# [GOAL OF THE EXERCISE]
Print exactly the lines below between the line containing "Coconut Glen Van Park" and the line containing "汚染するしてはいけないエジプト[Dior ] ディオールディオールスキン永遠アンダーカバーフルカバーの基礎40ミリリットル012", counting both of those lines. Leave pictures out.

# [LISTED RECORDS]
● ● ●

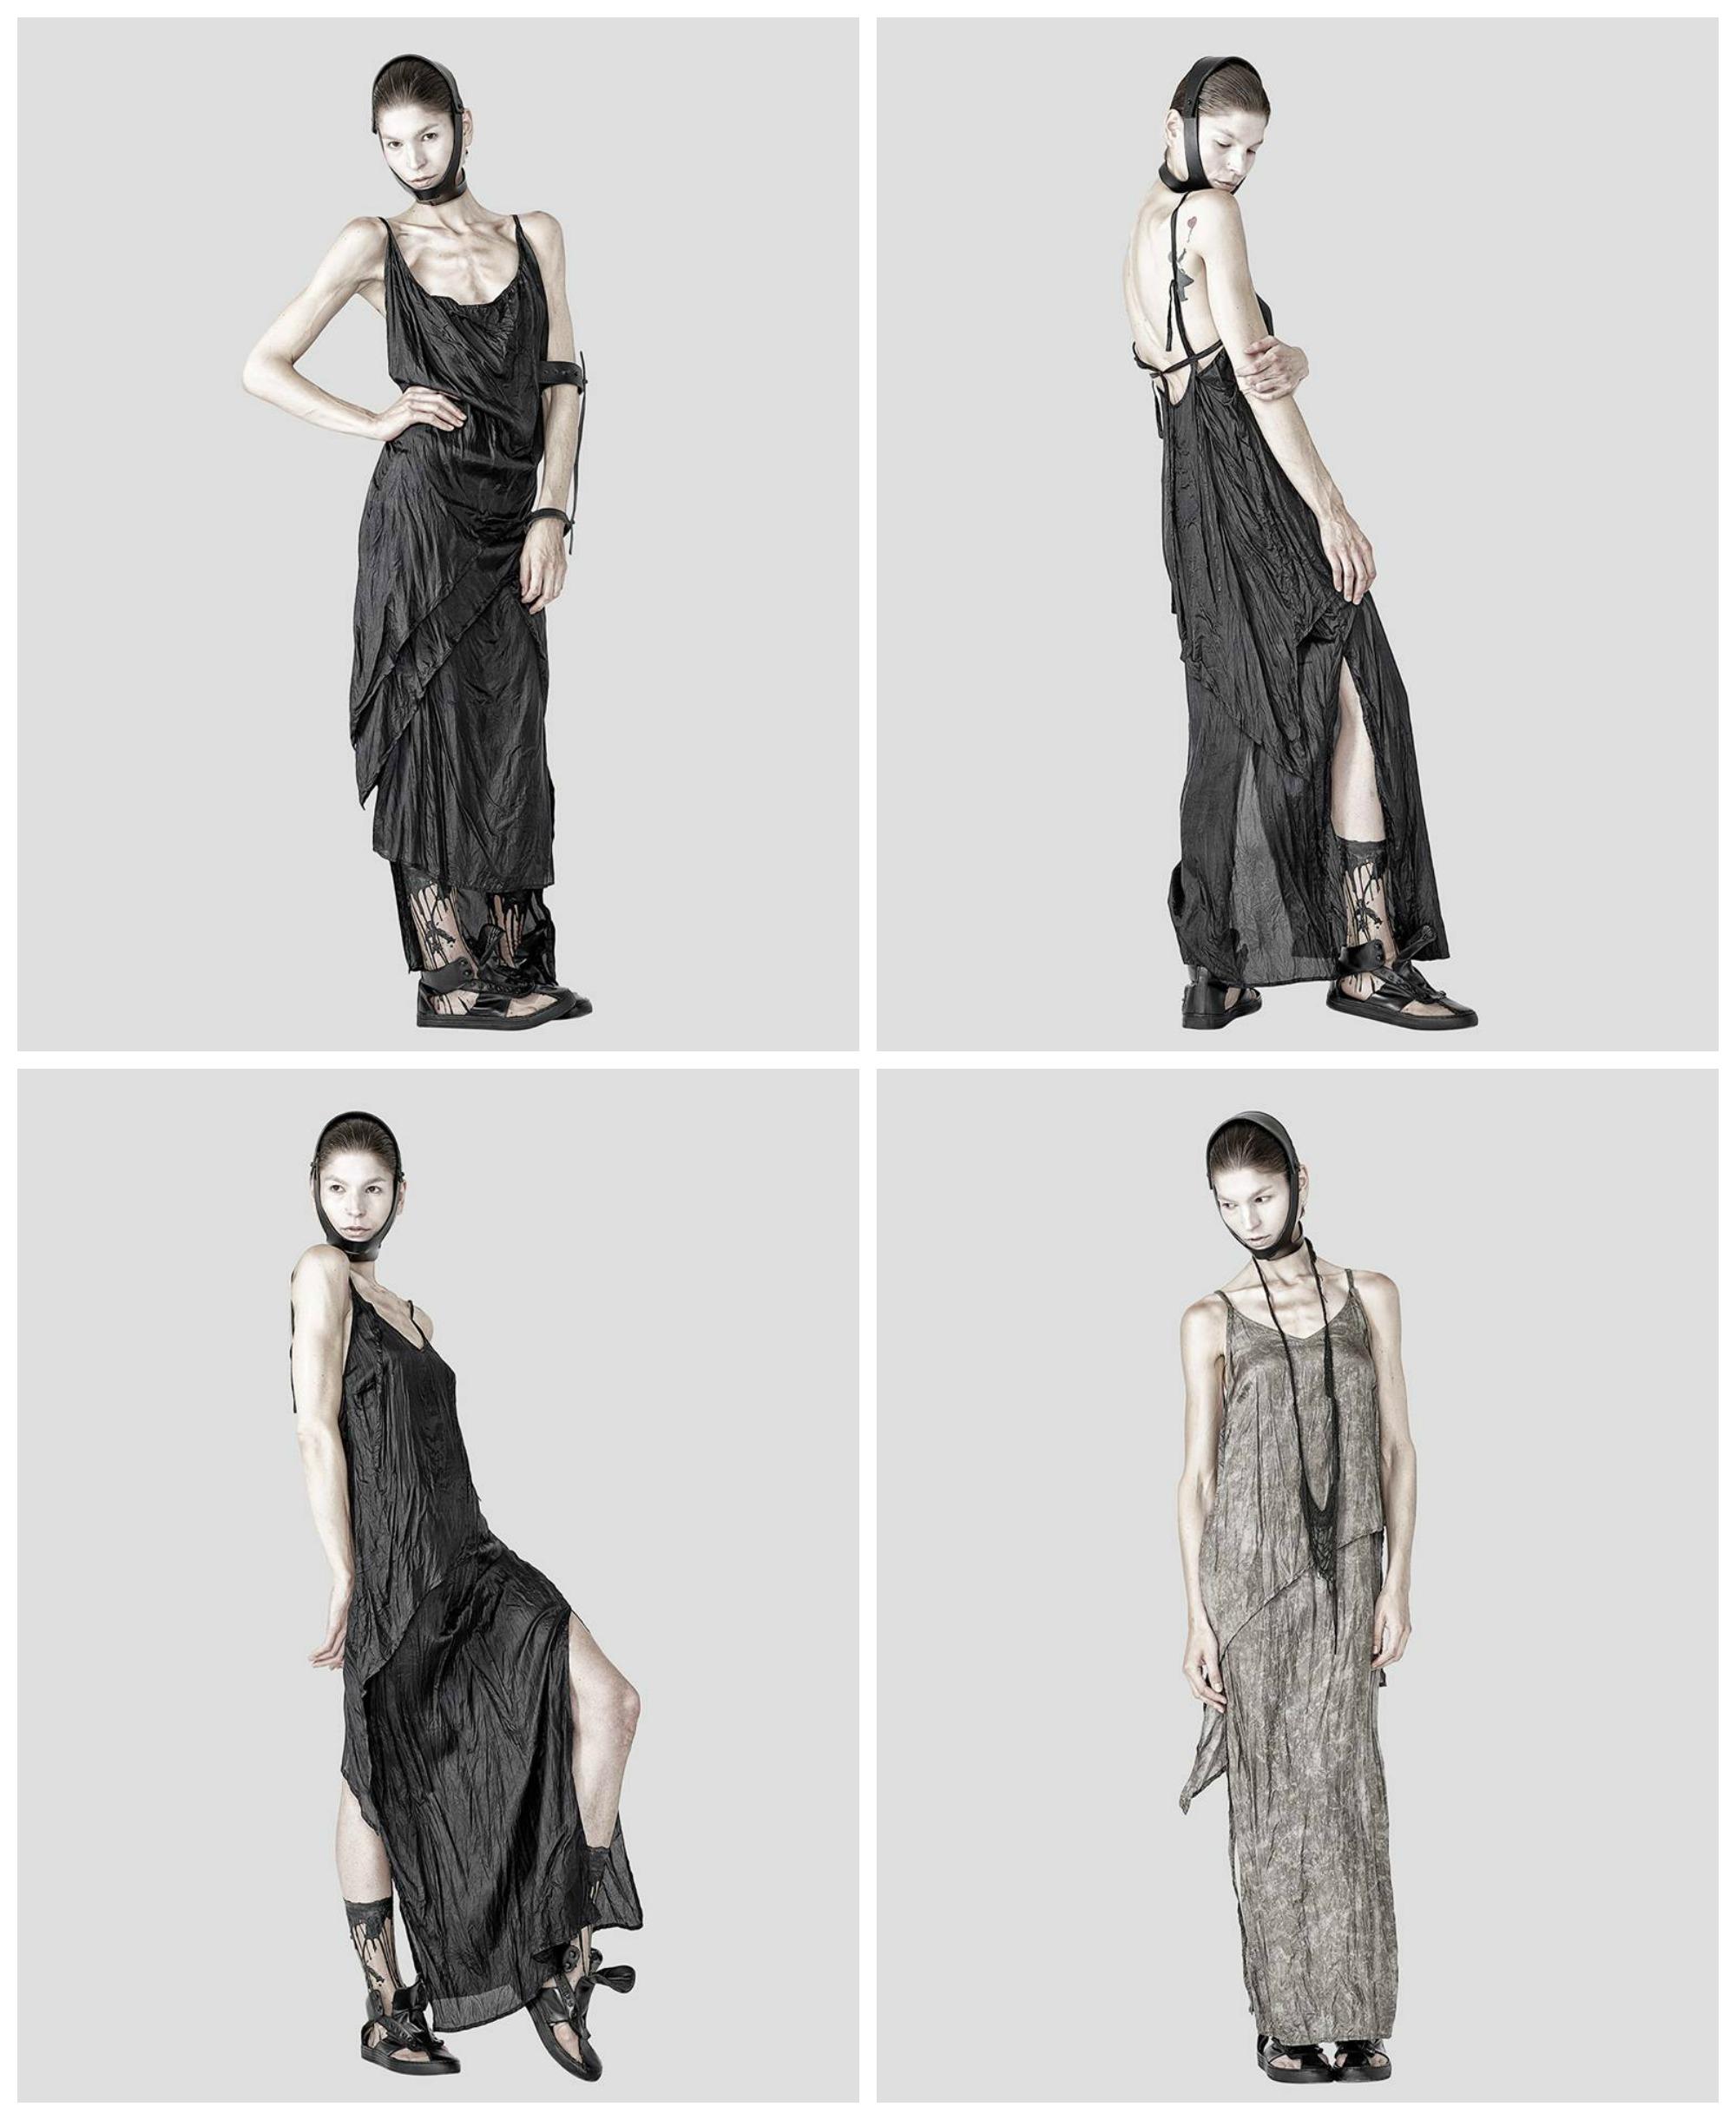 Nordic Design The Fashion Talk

● ● ●

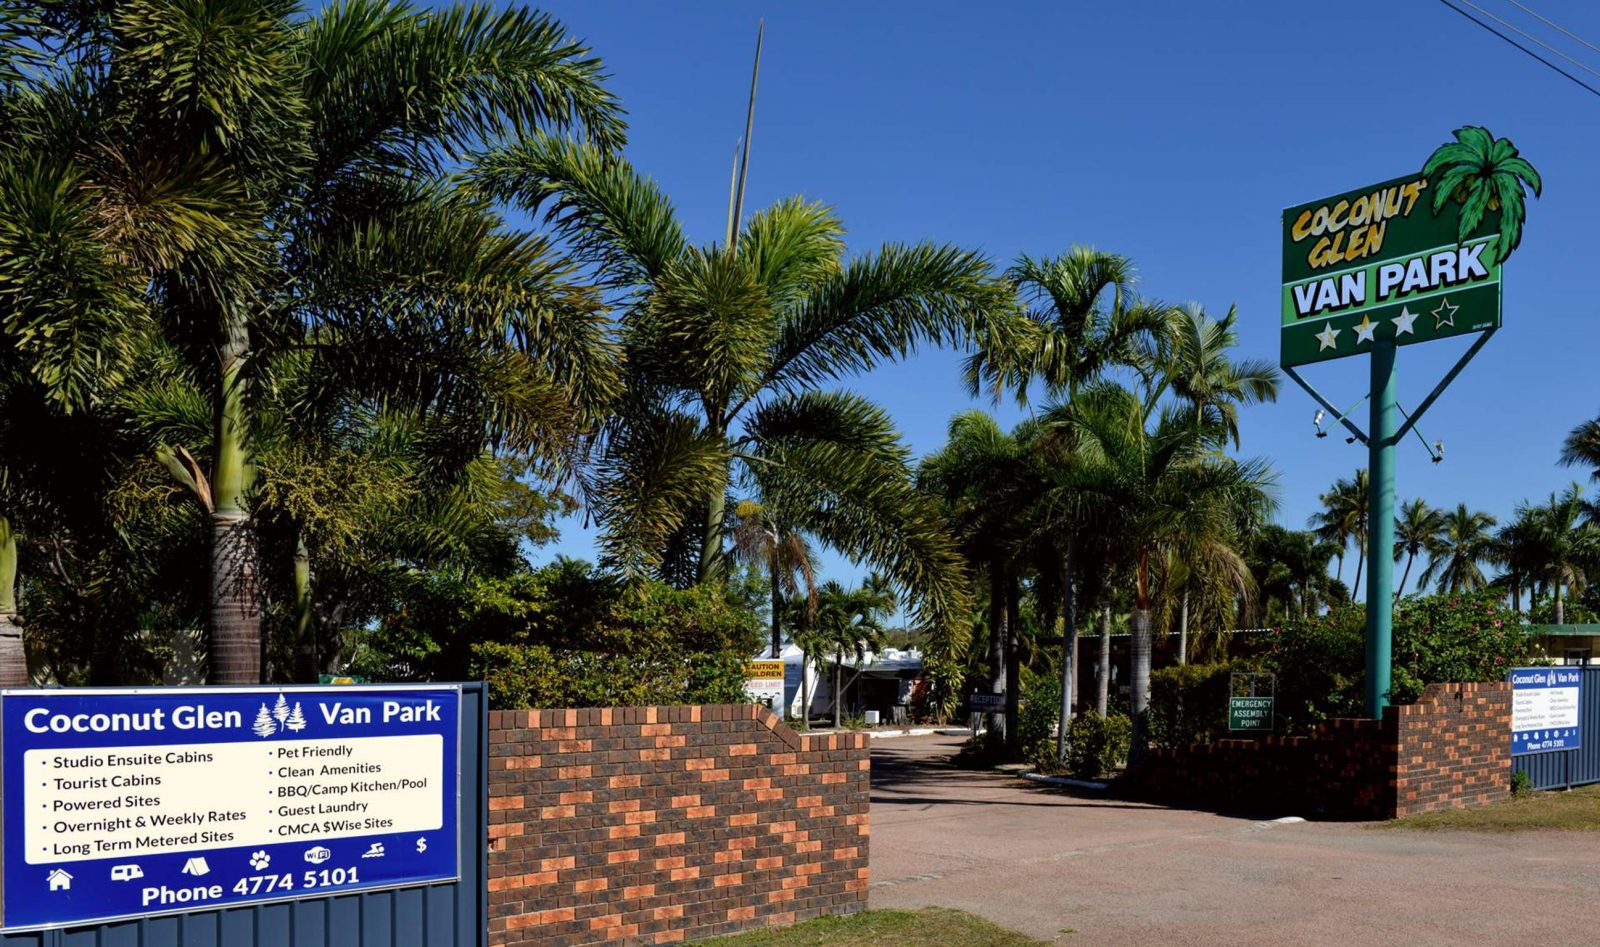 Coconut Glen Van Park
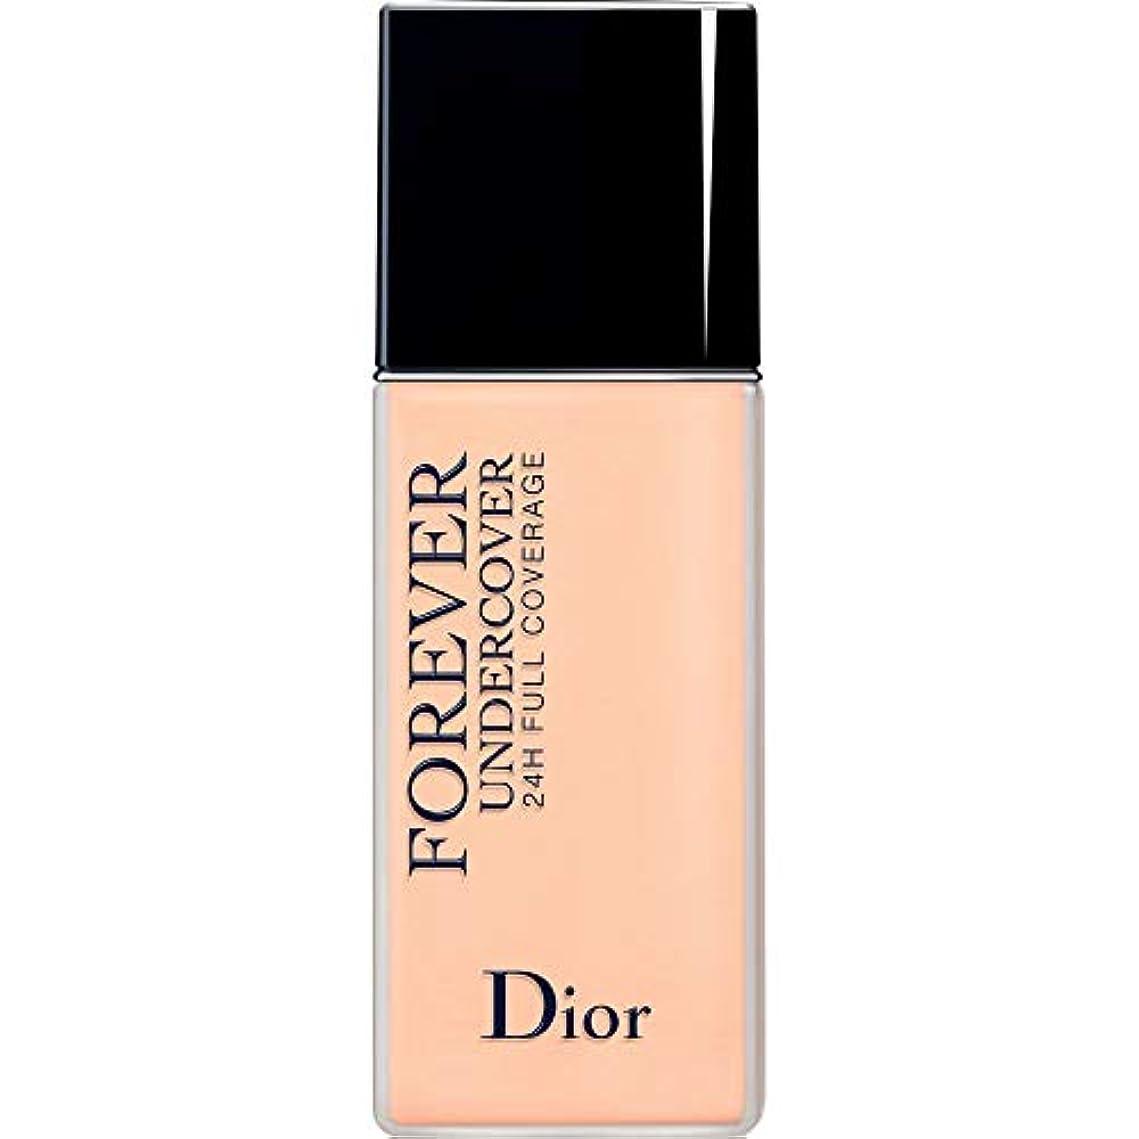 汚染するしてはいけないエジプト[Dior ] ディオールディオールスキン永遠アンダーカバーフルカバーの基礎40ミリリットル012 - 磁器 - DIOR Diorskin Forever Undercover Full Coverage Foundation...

● ● ●

# [RESPONSE]
 Coconut Glen Van Park
 汚染するしてはいけないエジプト[Dior ] ディオールディオールスキン永遠アンダーカバーフルカバーの基礎40ミリリットル012 - 磁器 - DIOR Diorskin Forever Undercover Full Coverage Foundation...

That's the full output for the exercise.